Problem requirements -> For this exercise, copy exactly the lines below from the one with "USS Nimitz, United" through the one with "Dcfywl731 Gold Long" and leave out the pictures.

Given data ->
+--

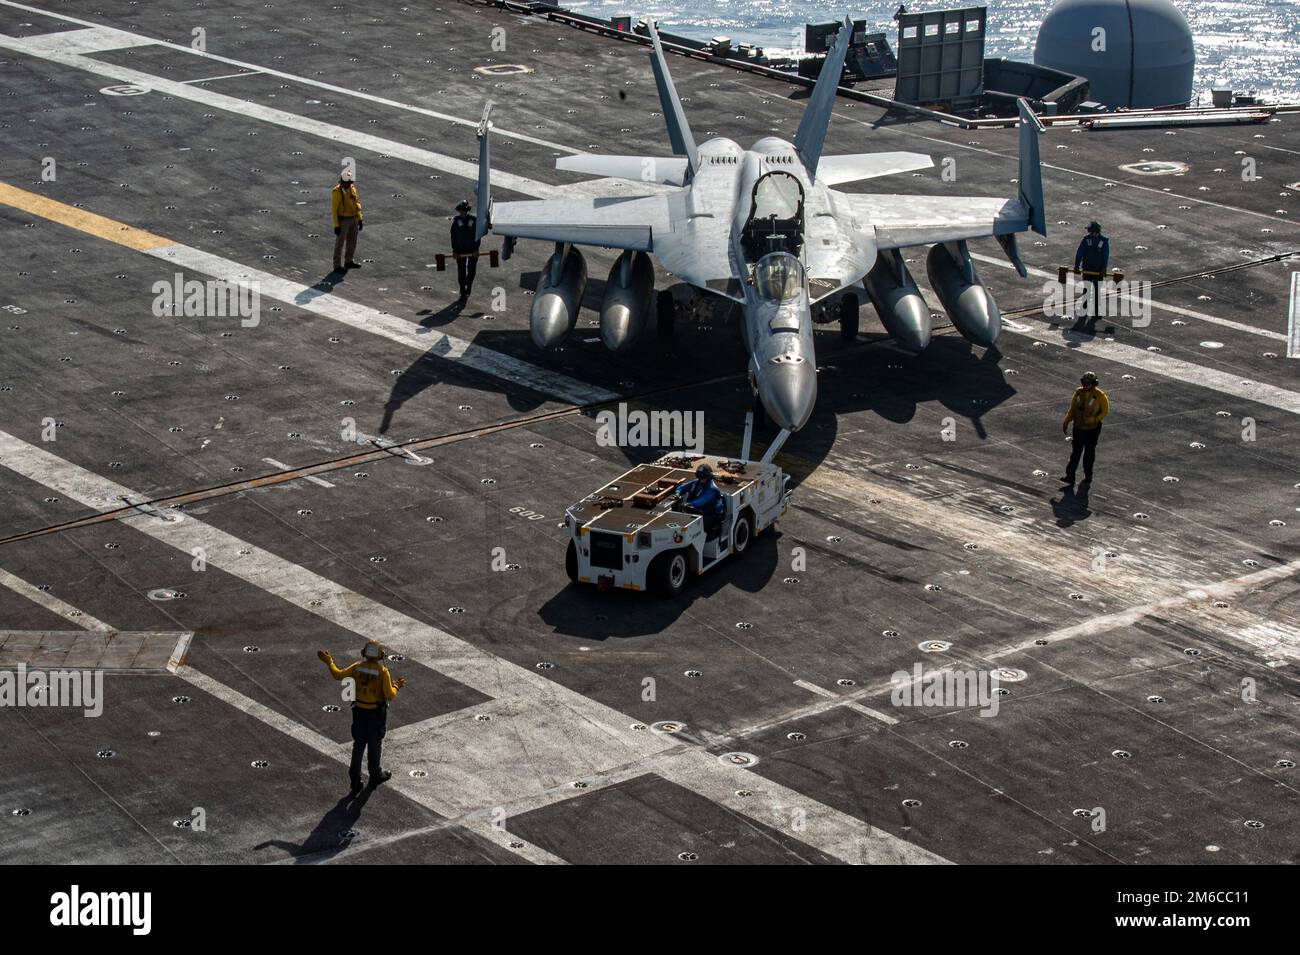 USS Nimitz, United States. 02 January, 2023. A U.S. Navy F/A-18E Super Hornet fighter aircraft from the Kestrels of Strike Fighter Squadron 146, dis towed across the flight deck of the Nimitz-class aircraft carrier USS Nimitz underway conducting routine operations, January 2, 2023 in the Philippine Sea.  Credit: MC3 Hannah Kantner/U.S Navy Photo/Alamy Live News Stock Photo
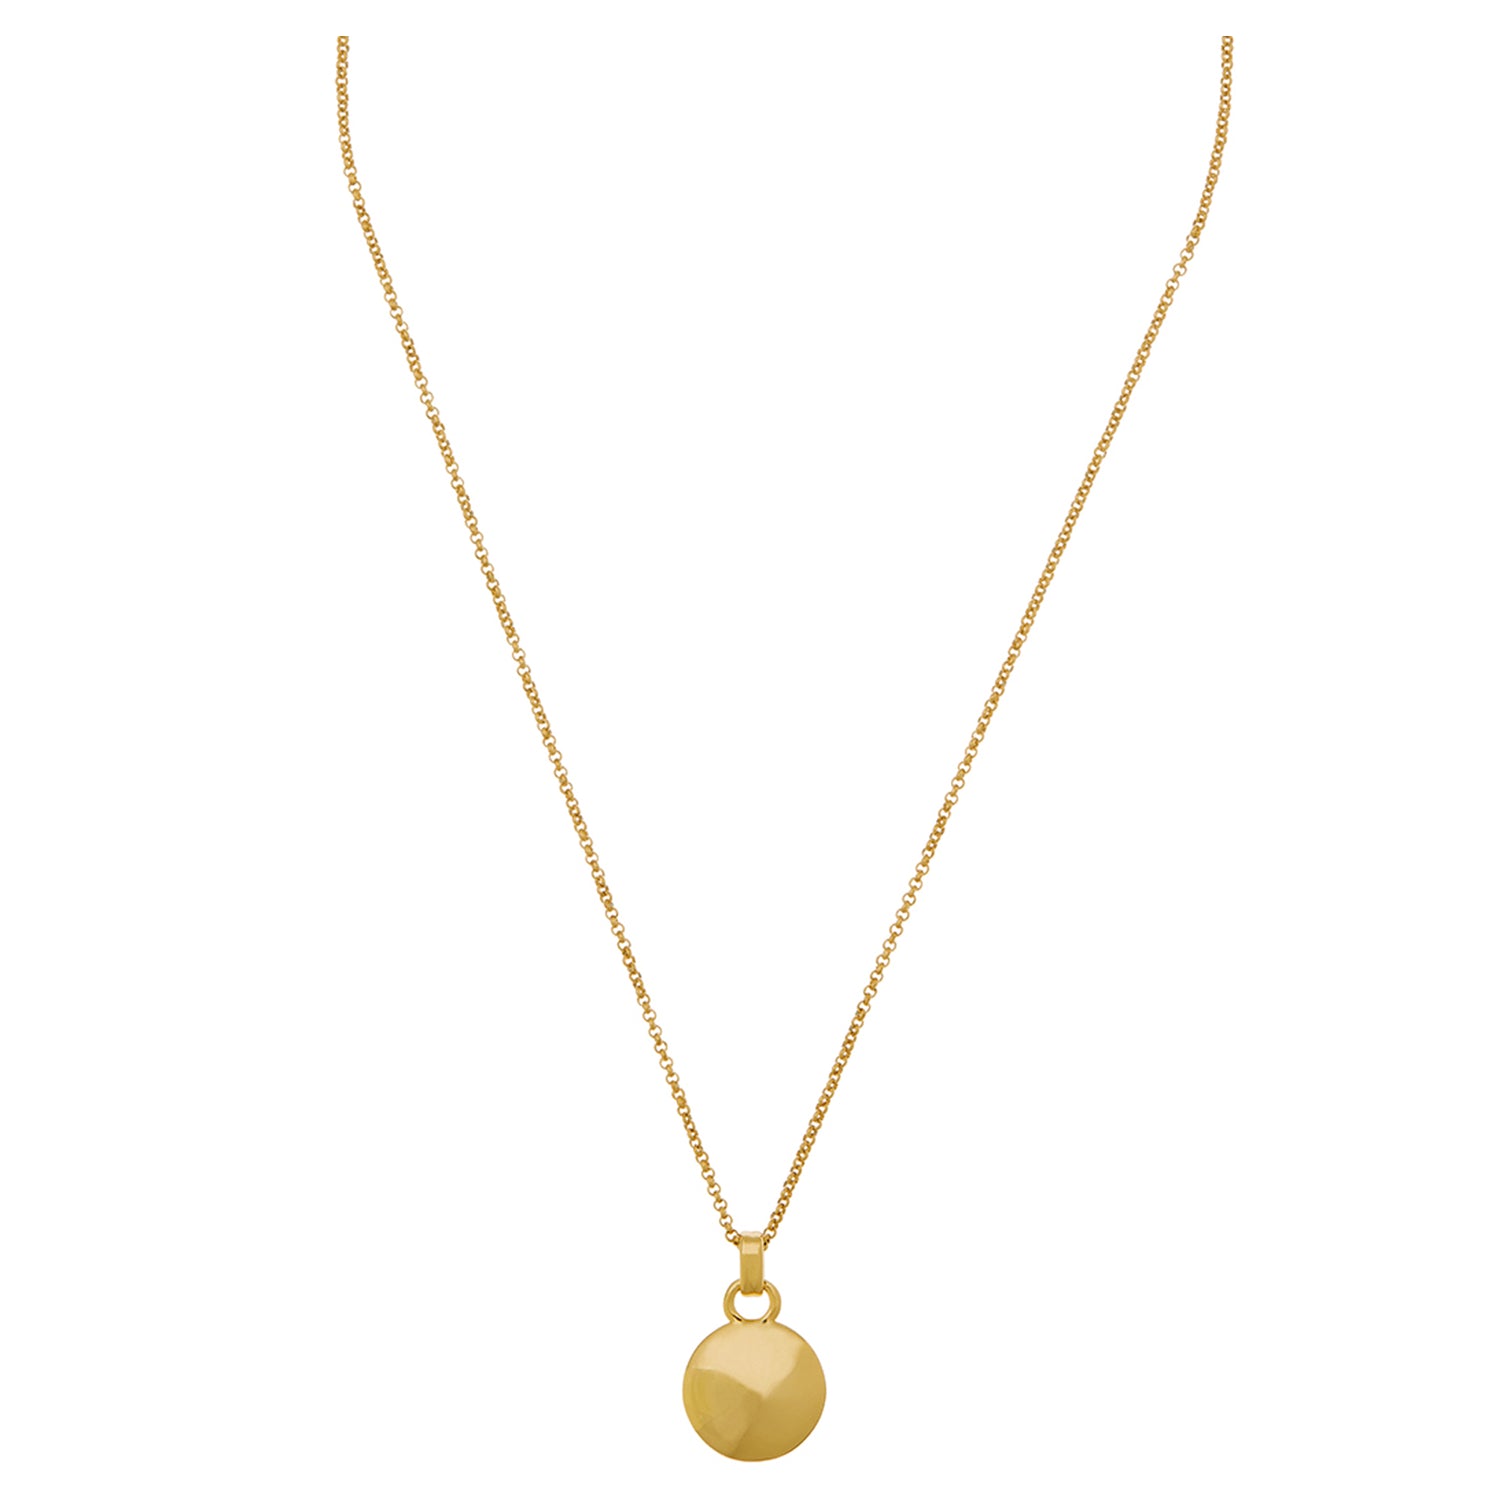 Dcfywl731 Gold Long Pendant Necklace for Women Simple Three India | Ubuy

+--

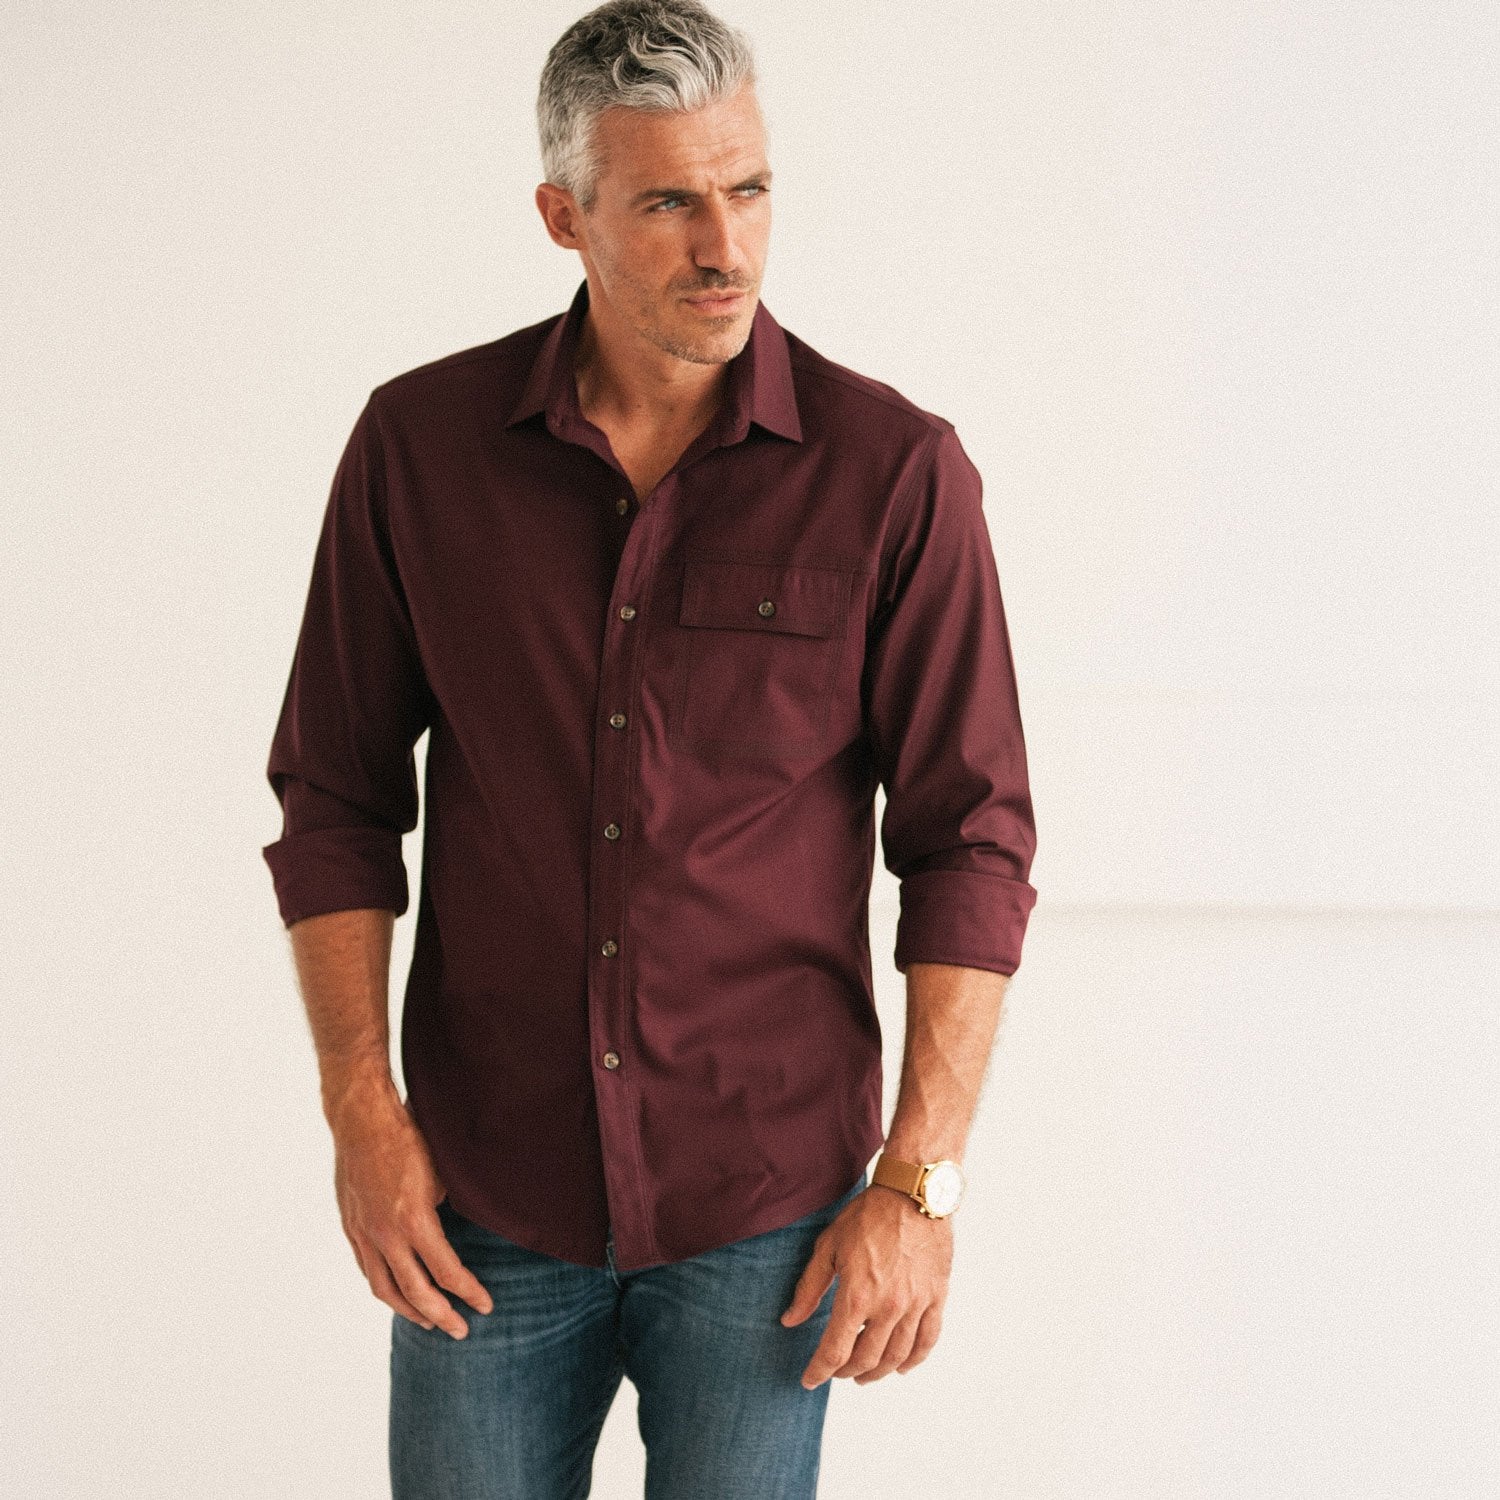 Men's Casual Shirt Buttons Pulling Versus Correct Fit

+--

Response to the exercise ->
 USS Nimitz, United States. 02 January, 2023. A U.S. Navy F/A-18E Super Hornet fighter aircraft from the Kestrels of Strike Fighter Squadron 146, dis towed across the flight deck of the Nimitz-class aircraft carrier USS Nimitz underway conducting routine operations, January 2, 2023 in the Philippine Sea.  Credit: MC3 Hannah Kantner/U.S Navy Photo/Alamy Live News Stock Photo
 Dcfywl731 Gold Long Pendant Necklace for Women Simple Three India | Ubuy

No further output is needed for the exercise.